This is the 7th day of my participation in the Gwen Challenge in November. Check out the details: The Last Gwen Challenge in 2021.

Text preprocessing

Tokenizer

keras.preprocessing.text.Tokenizer(num_words=None, 
                                   filters='!" # $% & * () +, -, / :; The < = >? @ ^ _ ` [\] {|} ~ ', 
                                   lower=True, 
                                   split=' ', 
                                   char_level=False, 
                                   oov_token=None, 
                                   document_count=0)
Copy the code

This class allows you to quantize a text corpus using two methods: converting each text to a sequence of integers (each integer is an index of a tag in the dictionary); Or it can be converted to a vector where the coefficients of each tag can be binary values, word frequency, TF-IDF weights, etc.

parameter

  • num_words: Maximum number of words to be reserved, based on word frequency. Only the most common num_words will be retained.
  • filters: a string in which each element is a character to be filtered from the text. The default is all punctuation, plus TAB and newline, minus the ‘character.
  • lower: Boolean value. Whether to convert text to lowercase.
  • split: string. Cut the text by the string.
  • char_level: If True, each character is treated as a tag.
  • oov_token: If given, it is added to word_index and used to replace words out of the vocabulary during a text_to_sequence call.
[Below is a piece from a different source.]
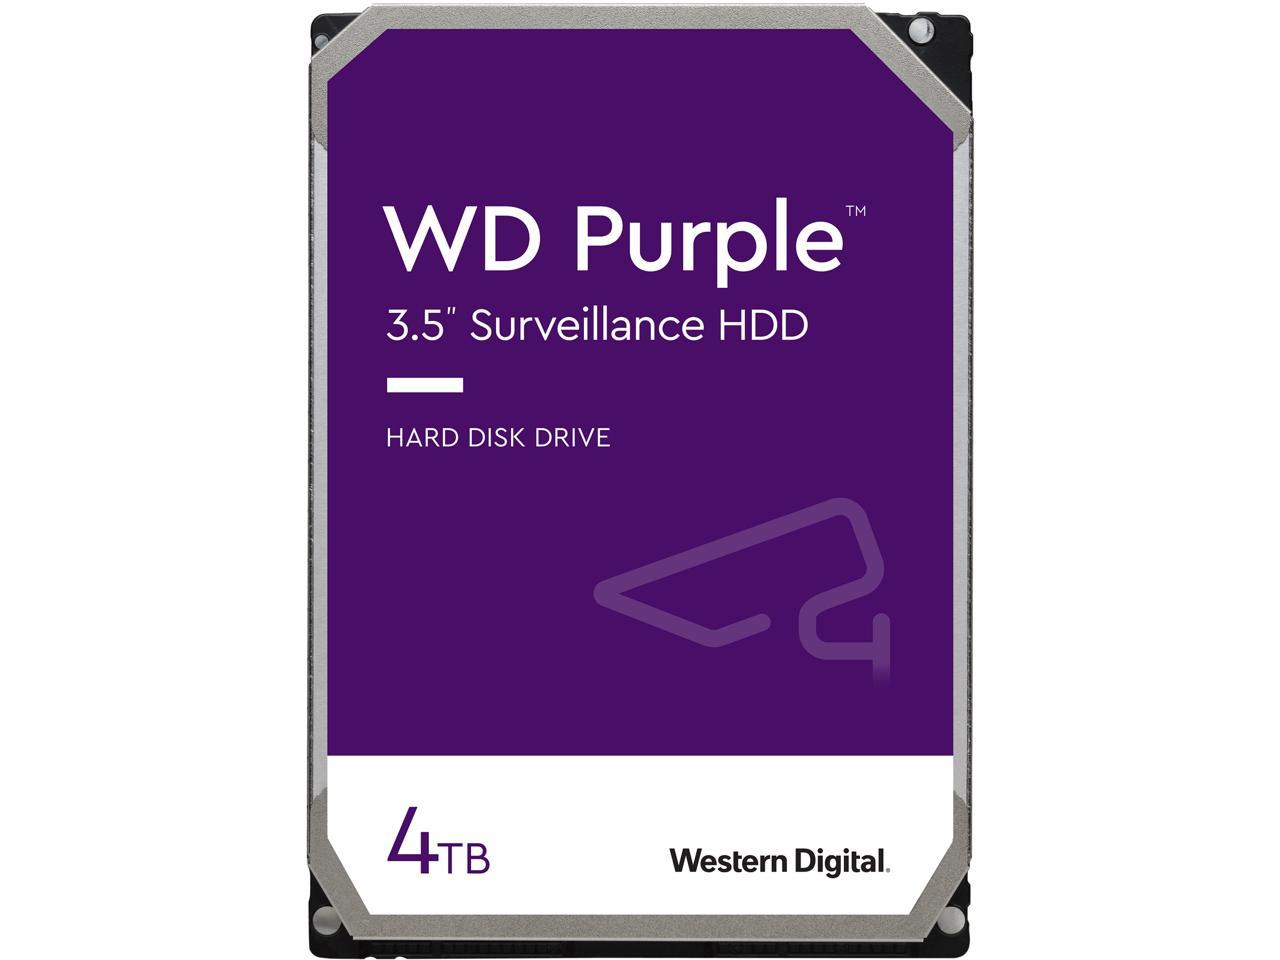 4TB WD Purple Surveillance Hard Disk Drive $86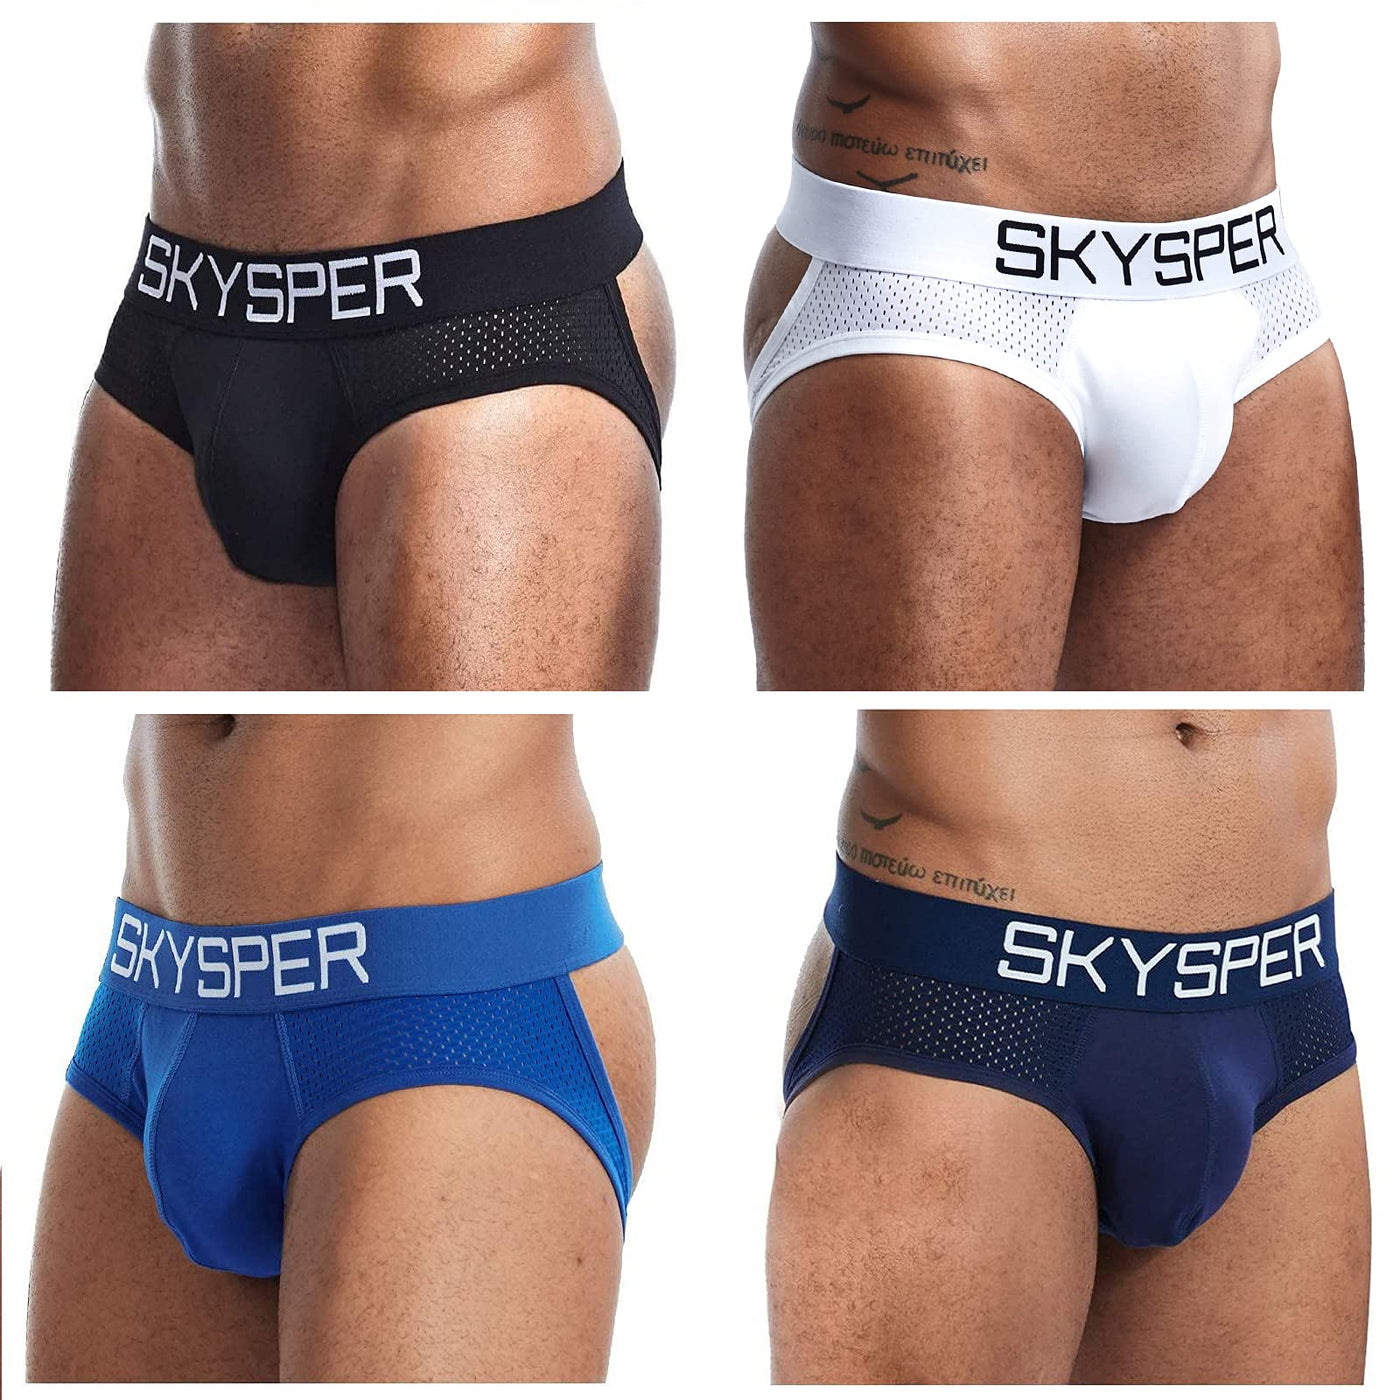 SKYSPER Men's Jockstrap Breathable Mesh Cotton Jock Straps Male Underwear, Athletic  Supporters for Men Sg07-4color/4pcs Small

By default, all punctuation is removed and the text is converted to a space-separated sequence of words (words may contain the ‘character). These sequences are then split into lists of tags. They will then be indexed or vectorized. 0 is a reserved index that is not assigned to any word.

hashing_trick

Hashing_trick converts text to a sequence of indexes in a fixed-size hash space.

keras.preprocessing.text.hashing_trick(text, n,
                                       hash_function=None, 
                                       filters='!" # $% & * () +, -, / :; The < = >? @ ^ _ ` [\] {|} ~ ', lower=True, 
                                       split=' ')
Copy the code

parameter

  • text: Enter text (string).
  • n: Hash space dimensions.
  • hash_function: Defaults to a Python hash function, which can be ‘MD5’ or any function that takes an input string and returns an integer. Note that ‘hash’ is not a stable hash function, so it is inconsistent across runs, whereas’ MD5 ‘is a stable hash function.
  • filters: A list of characters (or concatenations) to filter, such as punctuation. Default:!” # $% & * () +, -, / :; The < = >? ~ @ ^ _ [] {|}, contains basic punctuation, tabs and line breaks.
  • lower: Boolean value. Whether to convert text to lowercase.
  • split: string. Cut the text by the string.

Return value integer word index list (uniqueness cannot be guaranteed).

0 is a reserved index that is not assigned to any word. Because hash functions can conflict, two or more words may be assigned to the same index. The probability of collisions is related to the dimensions of the hash space and the number of different objects.

one_hot

One-hot encodes text as a word-indexed list of size N. This is a wrapper around the hashing_trick function, using hash as the hash function; Word index maps are not guaranteed to be unique.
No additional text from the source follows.